I nazionalisti erano nati per affermare il Terzo Stato contro lo stato patrimoniale”(Sieyès dei monarchi); hanno fatto difficoltà a difendere “il popolo” contro gl’imperi, e “le nazioni” contro l’occupazione straniera. Oggi, non riescono a comprendere che l’indipendenza della “patria” va difesa contro l’unico apparato informatico-militare che ha pretese mondiali. Il “sovranismo” degli Stati Membri è una carnevalata, smascherata dall’ adesione al “Movement” di Bannon.

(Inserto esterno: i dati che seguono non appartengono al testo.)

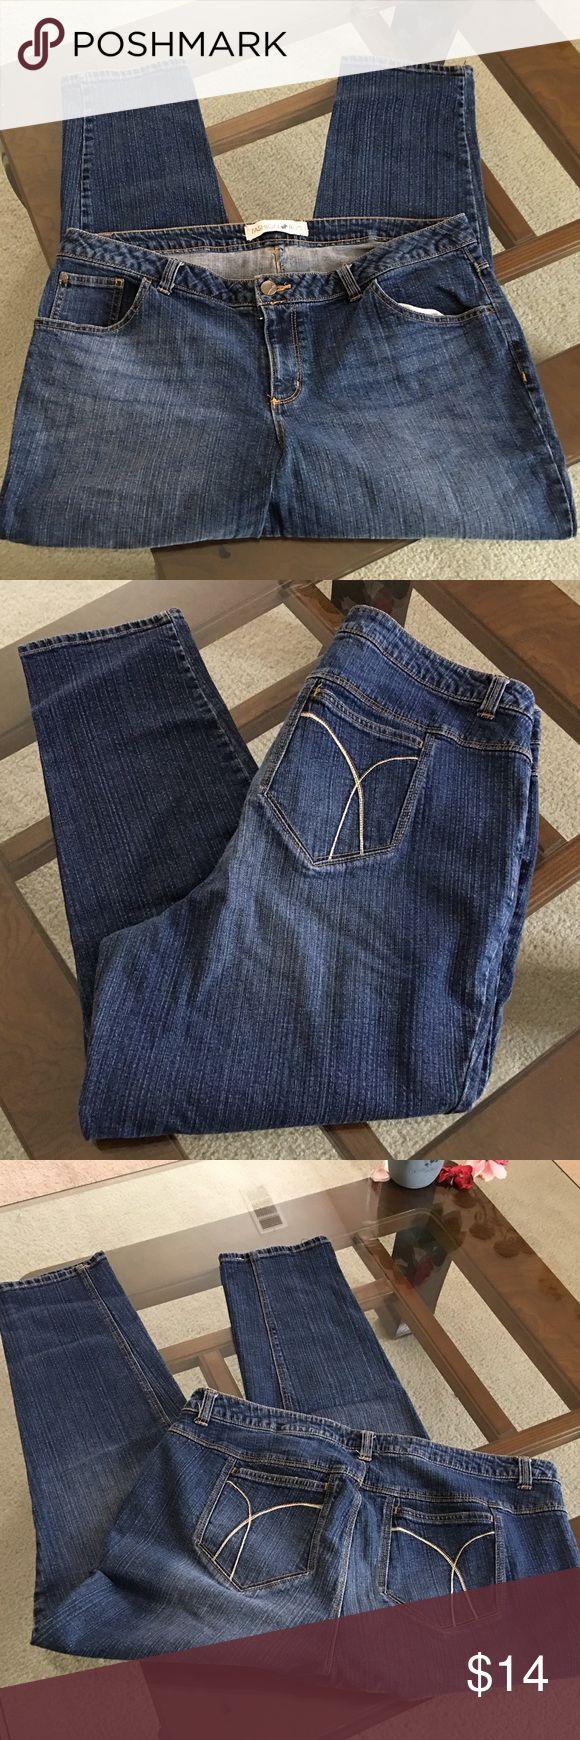 "Fashion bug 20 WP petite SKINNY jeans FASHION BUG sz 20WP petite, skinny, stretch cotton/spandex, waist = 40"" inseam = 28"", very good used condition. Fashion Bug Jeans Skinny"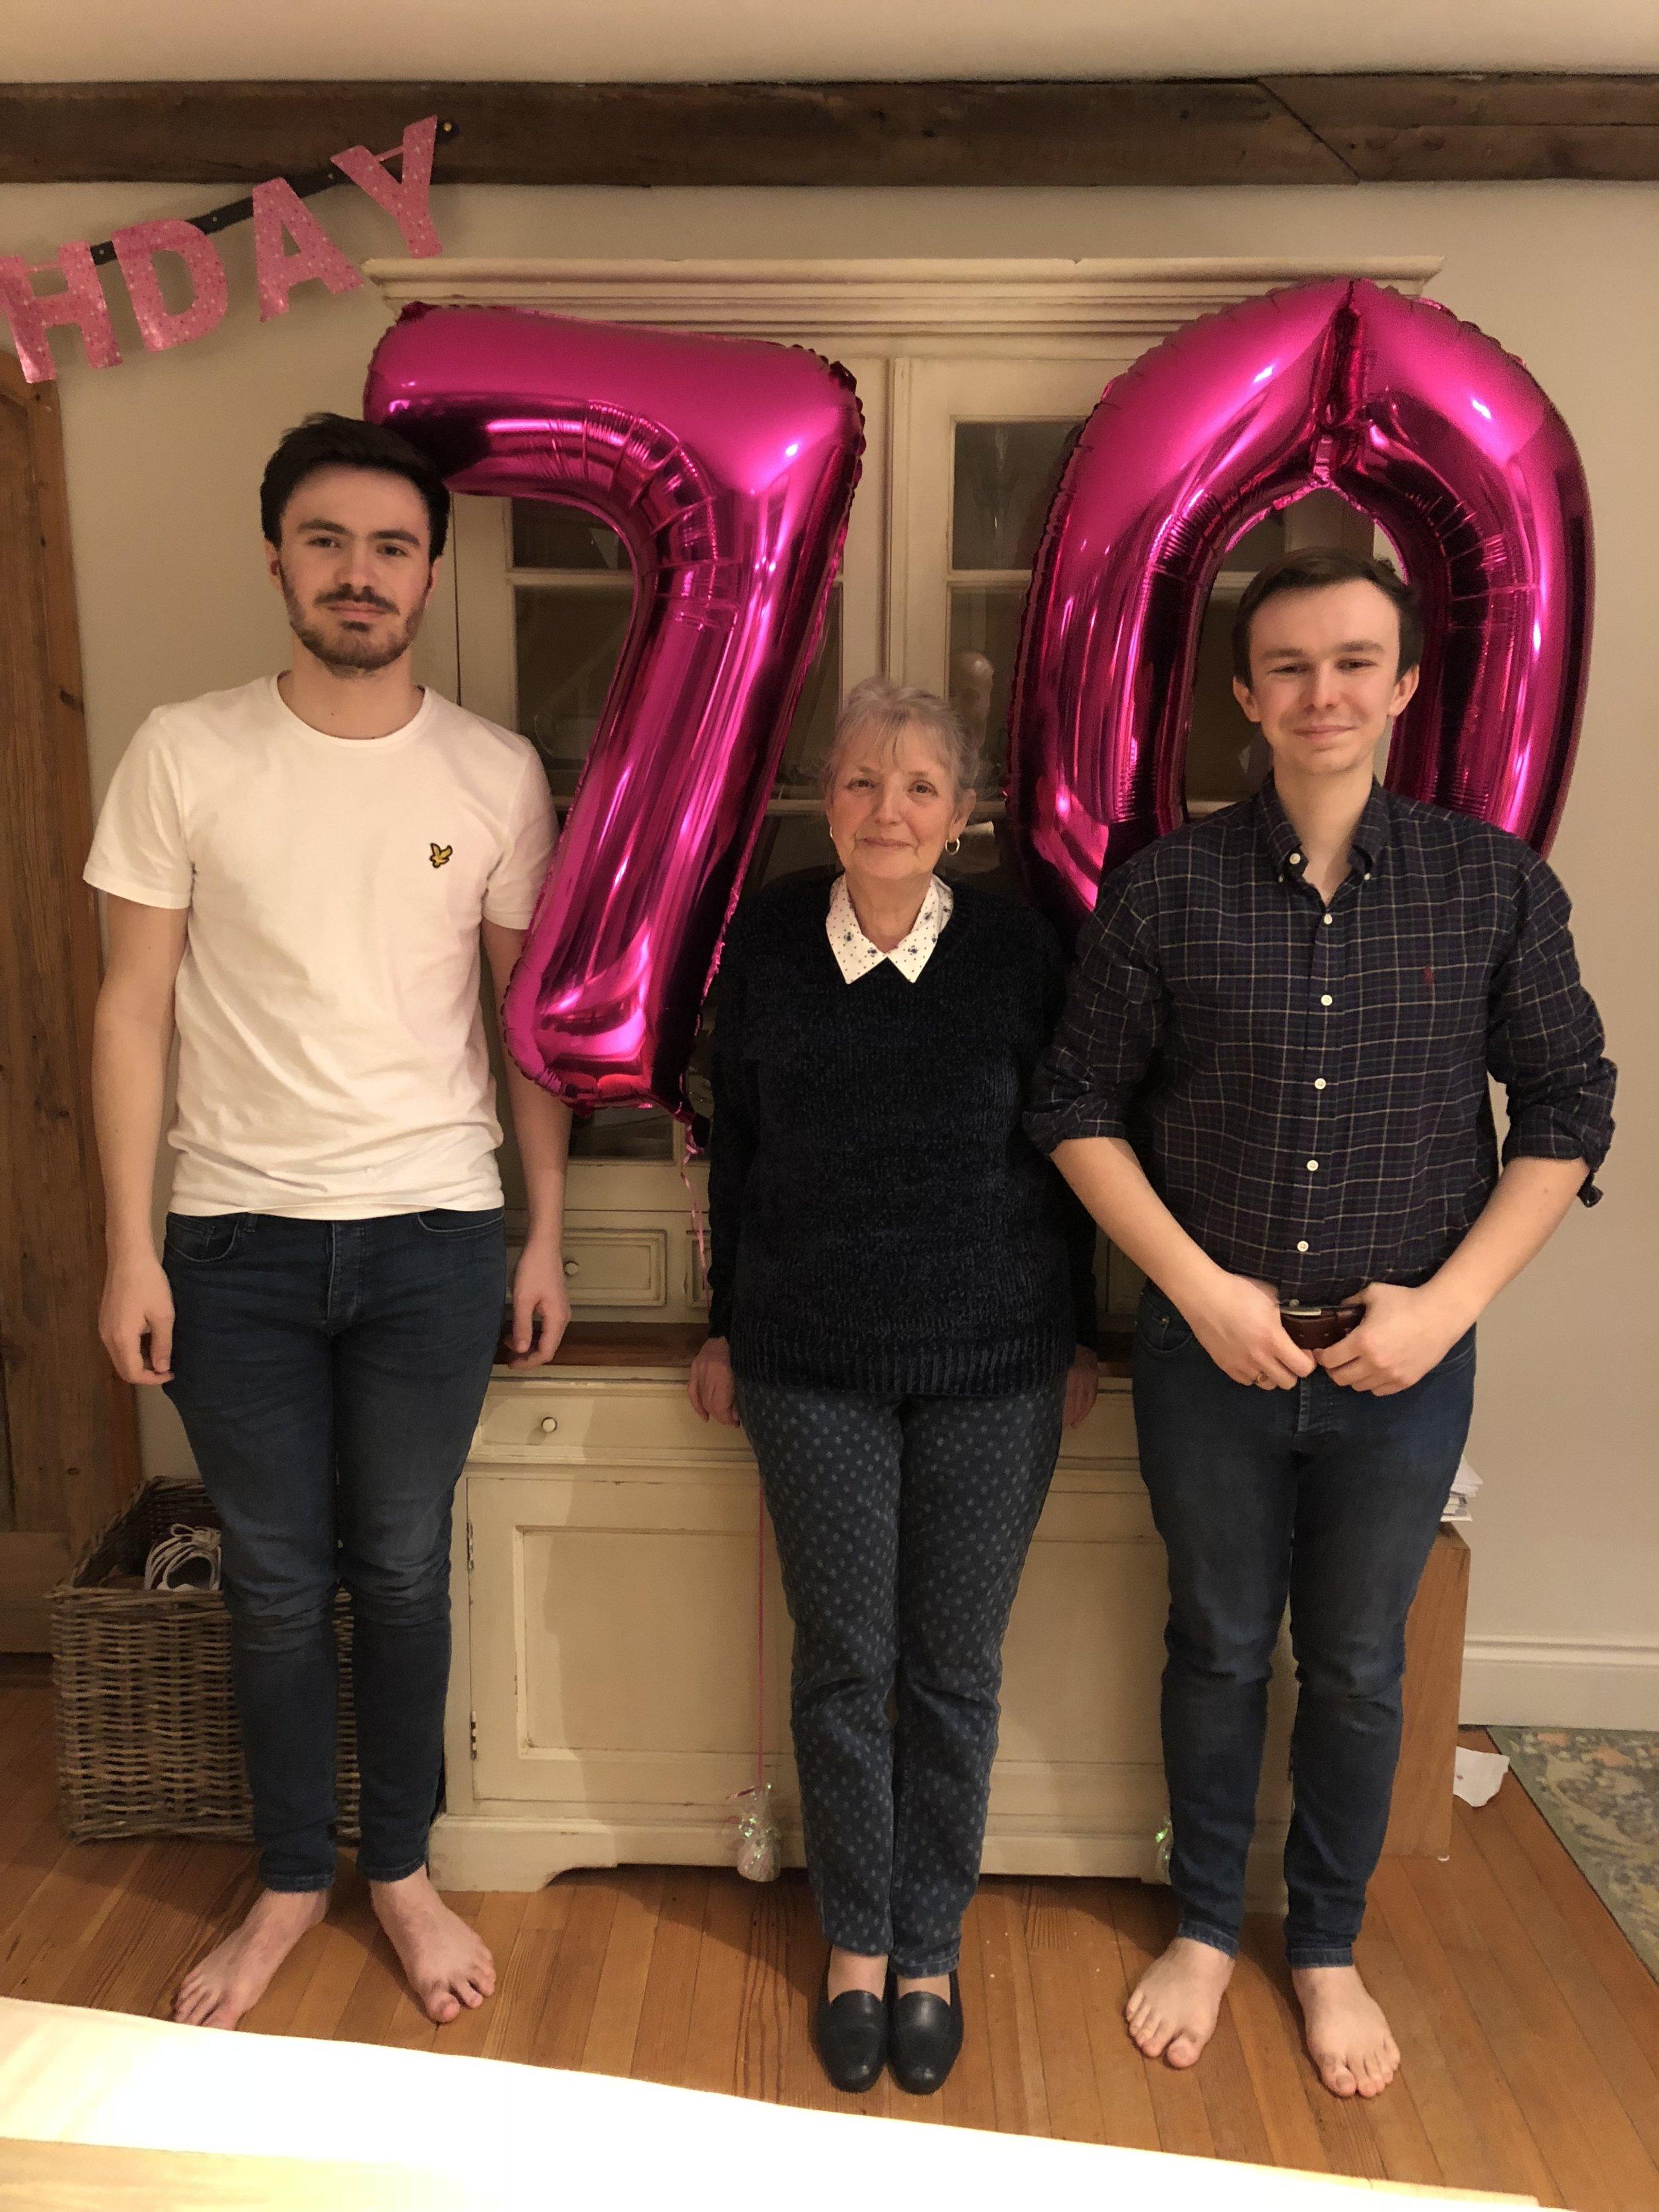 Wishing my mum the happiest of happy birthdays for next month...

I socialisti erano nati per affermare le esigenze dell’organizzazione sociale contro quelli dell’atomismo asociale (Saint-Simon, Owen, Fourier). Avevano già difficoltà a riconciliarsi, tanto con lo spirito ottocentesco della libertà, quanto con la necessità, emersa nel Novecento, delle “vie nazionali al socialismo”. Oggi non capiscono lo sfuggente “socialismo con caratteristiche cinesi”, che è il vero modello di successo del XXI secolo. Negano addirittura che in fondo la sfida ideologica è stata vinta dal socialismo, con lo Stato cinese che impone l’agenda dello sviluppo economico mondiale e con le altre Grandi Potenze con l’ARPA americana, le grandi holding russe e i fondi sovrani arabi ed anche europei, che seguono a ruota.
Si potrebbe continuare così con democristiani, comunisti, neofascisti e verdi, ma non è questa la sede più appropriata.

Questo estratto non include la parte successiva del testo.